Laid Down:      April 22, 1943
Launched:       August 7, 1943
Commissioned:   November 22, 1943
Decommissioned: 
Fate:           (Converted to APD 81 after completion)
                Scrapped 1960

We are seeking information on the USS Tatum and her crews. Files and photos may be emailed to us and we will incorporate them into this page. When enough information has been assembled we will then build the ship her own section.


My Dad... William L Woods USS Tatum 1943-1944
M Regina Grant


Name: doug hall mdhsabh@aol.com
From: Odenton, MD (twn Baltimore and DC)
Time: 1998-01-20 04:30:00

I'm interested in contributing 1st-hand (father's diary) info about DE789/APD81 '43-46. I'd also like to offer the info/souvenirs to his shipmates. How can I find if any of the shipmates are still alive? I don't have any names. Any guidance/suggestions would be greatly appreciated. OUTSTANDING site. Highest regards.

From: Mdhsabh@aol.com
Date: Sun, 8 Feb 1998 14:13:47 EST
Subject: Re: From my guest book- Can you help?

Rich/Ali,

I have attached a transcript of my father's diary kept while aboard the USS Tatum, DE789/APD81.

This is This is NOT a work of art, this is NOT the product of historical research, this is a young sailor's hand-written diary, submitted as one person's perspective for historical purposes. I have transcribed the diary as accurately as possible, keeping everything as it was written.

I am considering scanning a page or two in for inclusion in the site.

Constructive comments are welcome. I would especially appreciate other first- hand accounts related to specific occurences mentioned in the diary. I'm also looking for a crew list and for anyone who may have served aboard the USS Tatum during the '43-'46 time frame. Referrals would be greatly appreciated.
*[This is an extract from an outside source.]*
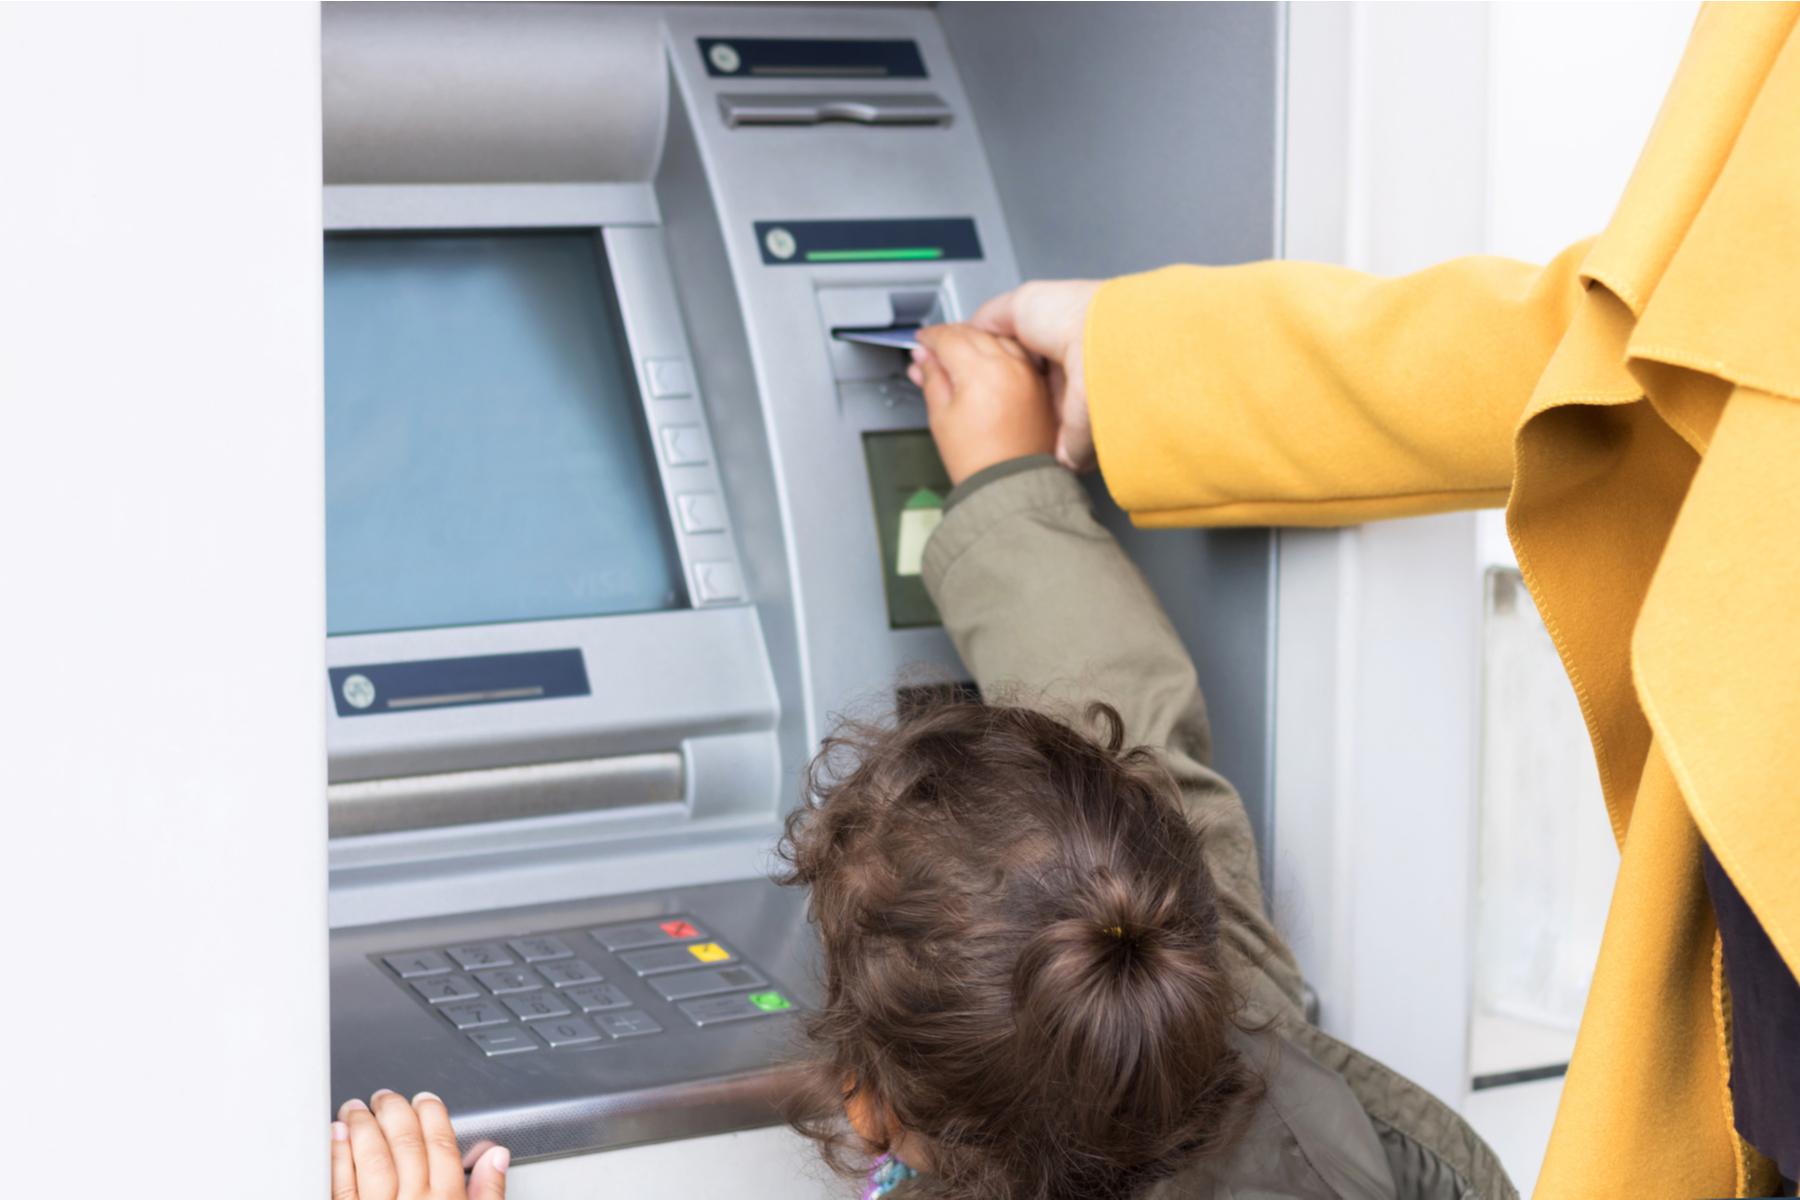 Kid using ATM
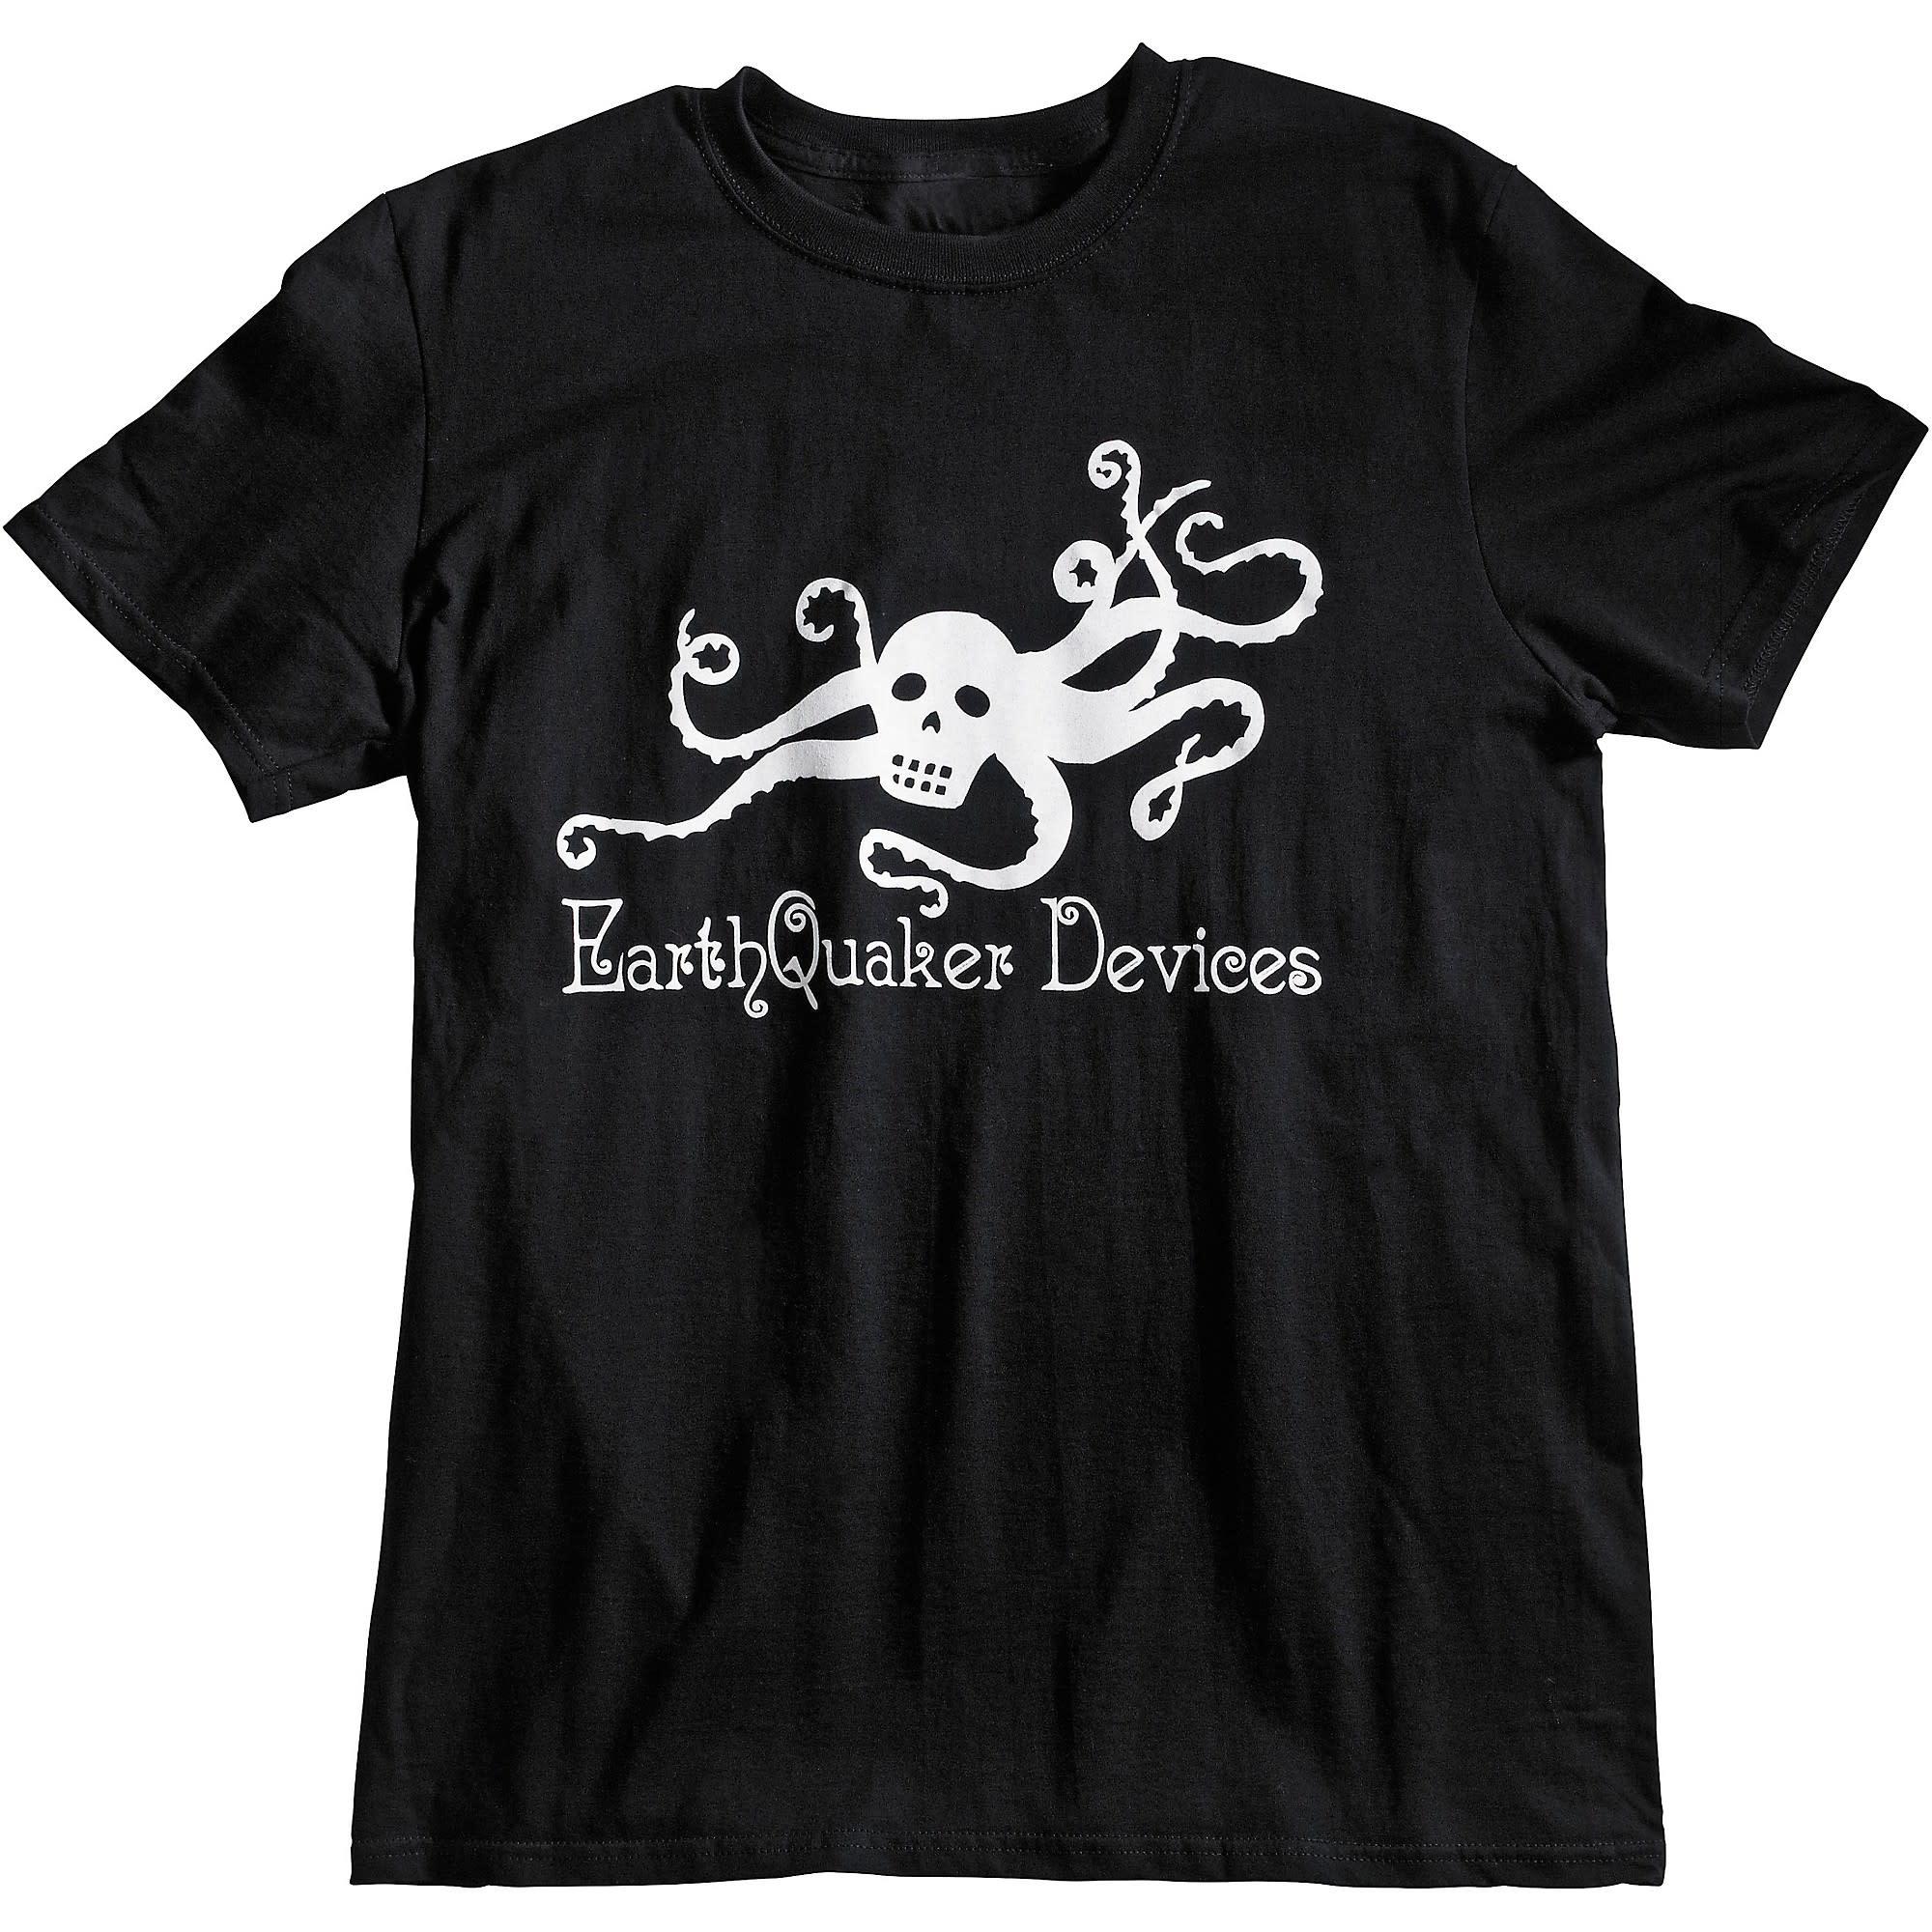 Earthquaker Devices Octoskull Logo T-shirt-6

Also, references I've run across which the team maintaining the website may want to publicize: U. S. Warships Since 1945: Stone, Paul H; Naval Institute Press, 1987 Destroyer Escorts of WW II; Elliott, Peter; Almarte Publications (London), 1974

best regards,

doug


WWII Diary Aboard U. S. S. Tatum, DE789/APD81, 1943-1946
William F. (Franklin) Hall

June 16, 1943
Sworn in navy at Fort McClellen, Alabama. Spent two months in Boot Camp and O.G.U. in Chicago and two and a half months in Norfolk, Virginia before being assigned to U. S. S. Tatum, Destroyer Escort 789 which was under construction at Orange, Texas. (O. B. U. - Out-Going Unit. A Unit of men awaiting other men to be trained to complete the ship crew. When you get in the o. G. U., you knew that you'd had it!)

Nov. 2
Went to Orange, Texas to watch completion of the ship that was to be our future home.

Nov. 22
Ship was commissioned with a big celebration of all Orange (population 3000)

Nov 25
Left Texas via Sabine River. Rammed U. S. S. Raby D. E. 326. Looks like we're off to a banging start.

Nov. 29
Arrived at Galveston to have ships hull painted. Nice two-tone job. Wonder what the '44 models will look like. Trial run in Gulf of Mexico. Wonder if it is to see if the ship will stand it, or the men. Returned to Galveston, keeping up our starting record by hitting a buoy and running aground, which damaged the starboard propeller, shaft, and degausing equipment (equipment to neutralize the metallic-seeking effect of enemy torpedoes.)

Dec. 15
Arrived in New Orleans for drydock repairs. No ramming. (Tugs pulled us in.)

Dec. 16
Rammed French carrier while backing out of drydock. They don't have any business over here anyway. Left for Bermuda for initial "Shake-Down Cruise." My attempt to name the Tatum the U. S. S. U-Bange went wet.

Dec. 21
Arrived in Bermuda and anchored in harbor. Crew went ashore to get sickly drunk so they couldn't blame it on sea-sickness. Everything calm in harbor, so we stay there thru Christmas Eve.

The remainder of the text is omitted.